(Stored dataset items)
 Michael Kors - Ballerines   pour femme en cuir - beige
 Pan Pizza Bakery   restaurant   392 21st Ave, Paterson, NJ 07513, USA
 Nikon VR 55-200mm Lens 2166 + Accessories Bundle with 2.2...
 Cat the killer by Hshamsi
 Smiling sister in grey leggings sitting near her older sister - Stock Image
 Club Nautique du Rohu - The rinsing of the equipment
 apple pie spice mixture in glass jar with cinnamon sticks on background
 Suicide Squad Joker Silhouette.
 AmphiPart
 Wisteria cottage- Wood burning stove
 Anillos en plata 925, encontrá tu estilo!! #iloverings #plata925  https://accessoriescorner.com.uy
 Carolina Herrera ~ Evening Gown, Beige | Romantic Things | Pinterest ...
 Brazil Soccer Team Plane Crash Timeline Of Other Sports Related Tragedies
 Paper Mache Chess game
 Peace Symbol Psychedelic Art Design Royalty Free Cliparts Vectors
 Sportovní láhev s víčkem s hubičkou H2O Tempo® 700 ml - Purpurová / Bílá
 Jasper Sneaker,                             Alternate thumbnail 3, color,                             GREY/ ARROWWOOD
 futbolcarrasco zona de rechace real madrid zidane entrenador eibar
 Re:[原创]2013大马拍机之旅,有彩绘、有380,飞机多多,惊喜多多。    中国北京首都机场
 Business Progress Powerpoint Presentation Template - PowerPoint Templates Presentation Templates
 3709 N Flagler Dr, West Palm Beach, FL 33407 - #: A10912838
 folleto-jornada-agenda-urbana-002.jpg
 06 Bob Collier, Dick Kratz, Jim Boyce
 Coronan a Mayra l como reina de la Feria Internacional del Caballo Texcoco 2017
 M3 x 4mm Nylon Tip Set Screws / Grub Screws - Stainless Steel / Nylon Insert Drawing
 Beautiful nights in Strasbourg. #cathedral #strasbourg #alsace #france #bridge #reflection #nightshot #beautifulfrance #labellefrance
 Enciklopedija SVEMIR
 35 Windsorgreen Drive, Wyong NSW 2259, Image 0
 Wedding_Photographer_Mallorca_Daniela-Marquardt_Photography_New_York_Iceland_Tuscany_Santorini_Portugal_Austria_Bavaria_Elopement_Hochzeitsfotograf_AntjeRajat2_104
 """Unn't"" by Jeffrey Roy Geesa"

— Task goal —
The output should be exactly the lines above from the line containing "Club Nautique du" to the line containing "Sportovní láhev s", inclusive, with no other lines.

— Finished task —
 Club Nautique du Rohu - The rinsing of the equipment
 apple pie spice mixture in glass jar with cinnamon sticks on background
 Suicide Squad Joker Silhouette.
 AmphiPart
 Wisteria cottage- Wood burning stove
 Anillos en plata 925, encontrá tu estilo!! #iloverings #plata925  https://accessoriescorner.com.uy
 Carolina Herrera ~ Evening Gown, Beige | Romantic Things | Pinterest ...
 Brazil Soccer Team Plane Crash Timeline Of Other Sports Related Tragedies
 Paper Mache Chess game
 Peace Symbol Psychedelic Art Design Royalty Free Cliparts Vectors
 Sportovní láhev s víčkem s hubičkou H2O Tempo® 700 ml - Purpurová / Bílá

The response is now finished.